D.A. Debate: Three Prosecutors Duke, As Carmen Trutanich Ducks

Lacey has Cooley's endorsement, and were she to win it appears her administration would be tantamount to a fourth Cooley term. Asked what she would change about Cooley's office, she mentioned "transparency" and identity theft -- not major items.

Jackson, meanwhile, said he would repair the "broken relationship" with the Association of Deputy District Attorneys, which has been a major source of conflict within the office under Cooley. He also mentioned juvenile justice reform, saying that he -- like Meyers -- would like to see fewer juveniles prosecuted as adults.

Meyers said she would end the practice of punishing prosecutors by sending them to the juvenile division. Instead, she said she would stock the division with deputies who actually want to serve there.

Unlike the other two, she also took direct aim at Cooley, alleging that he has promoted people because they "went out drinking" with him. She also alleged that Cooley has gone easy on some of the scandals within the Sheriff's Department because Cooley is friends with Sheriff Lee Baca.
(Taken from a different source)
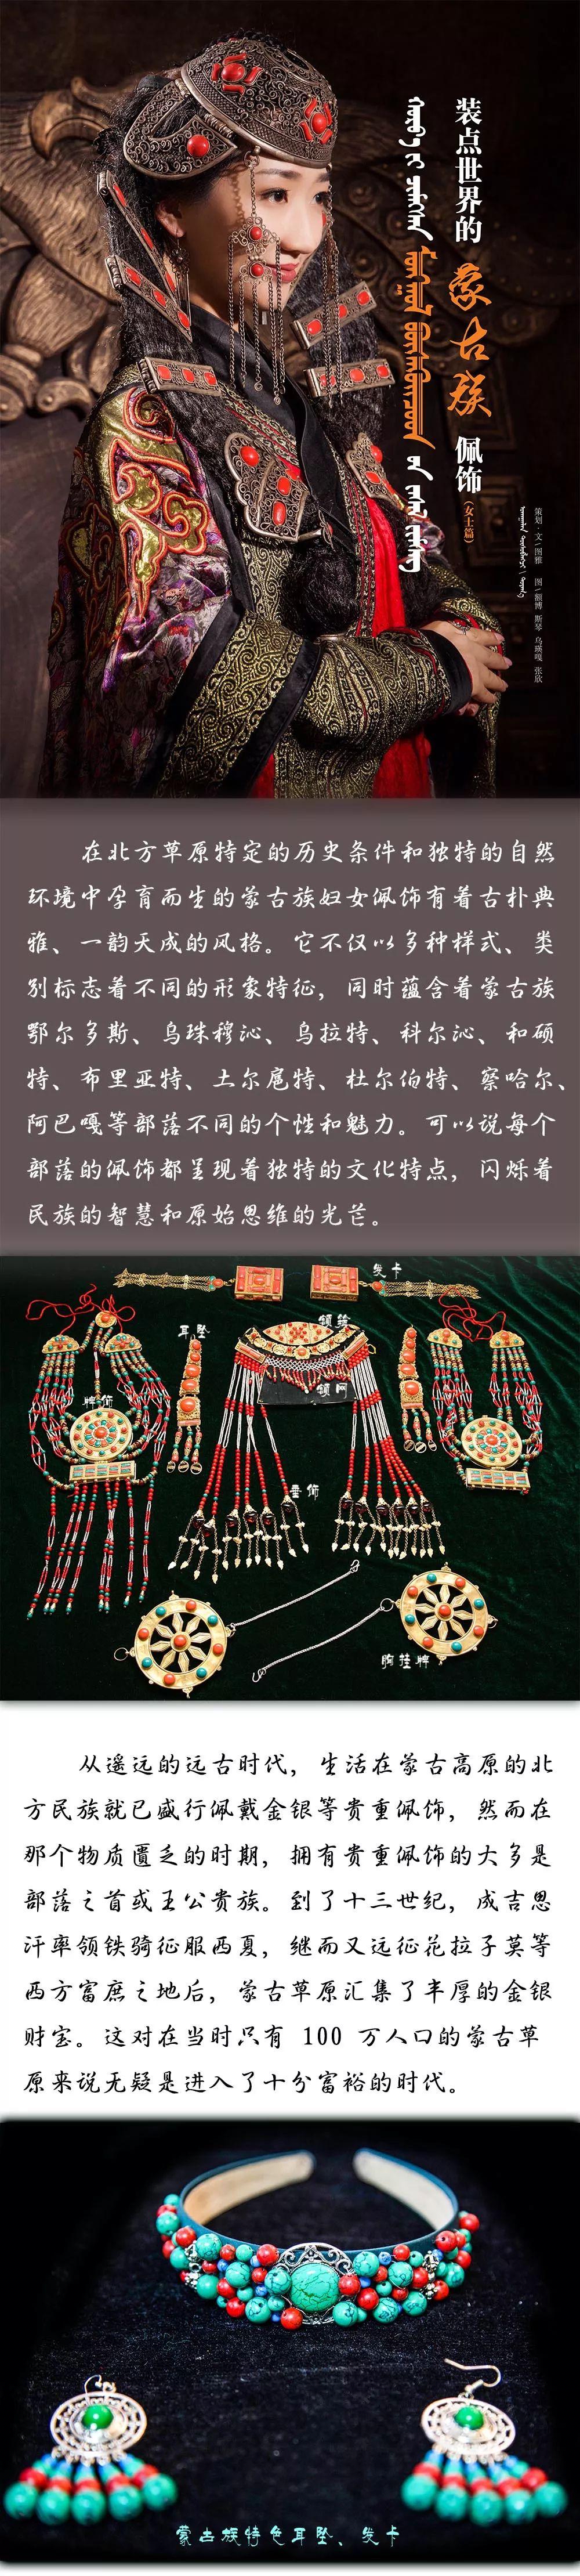 装点世界的蒙古族佩饰 | 女士篇 第7张
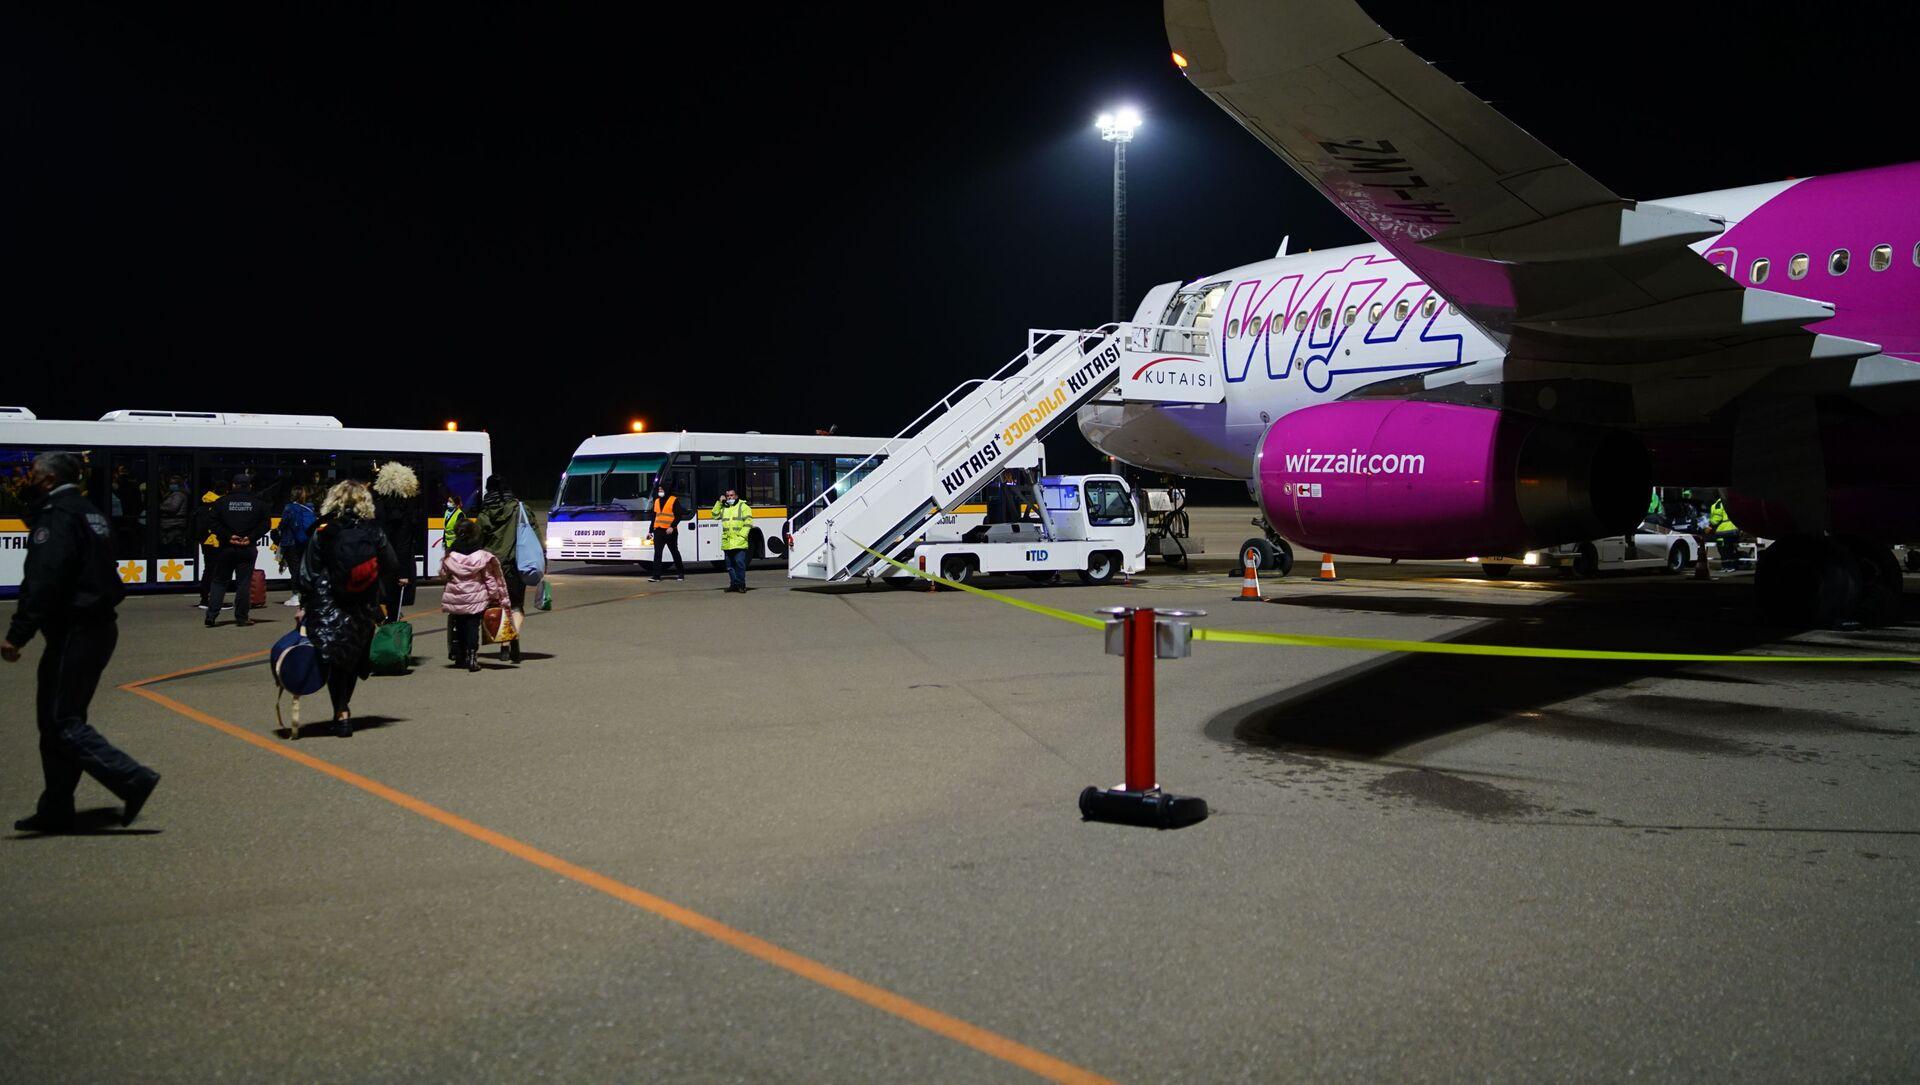 კომპანია WizzAir-ის თვითმფრინავი ქუთაისის აეროპორტში - Sputnik საქართველო, 1920, 30.05.2021

This being Los Angeles, the candidates were also asked how they would handle celebrity cases. Each said they would eliminate any appearance of preferential treatment for celebrities. The question gave Jackson the opportunity to mention his handling of the Phil Spector case, which he trumpeted as the first successful prosecution of a celebrity on a major case in Los Angeles in 40 years. Meyers touted her efforts to throw the book at Lindsay Lohan.

"There was no celebrity justice going on there," Meyers said.

The debate was hosted by the Peace Officers Research Association of California, and moderated by Dave Bryan of CBS Los Angeles. Two other candidates, Bobby Grace and John Breault, were excluded because PORAC deemed them not to be viable, based on lackluster fundraising.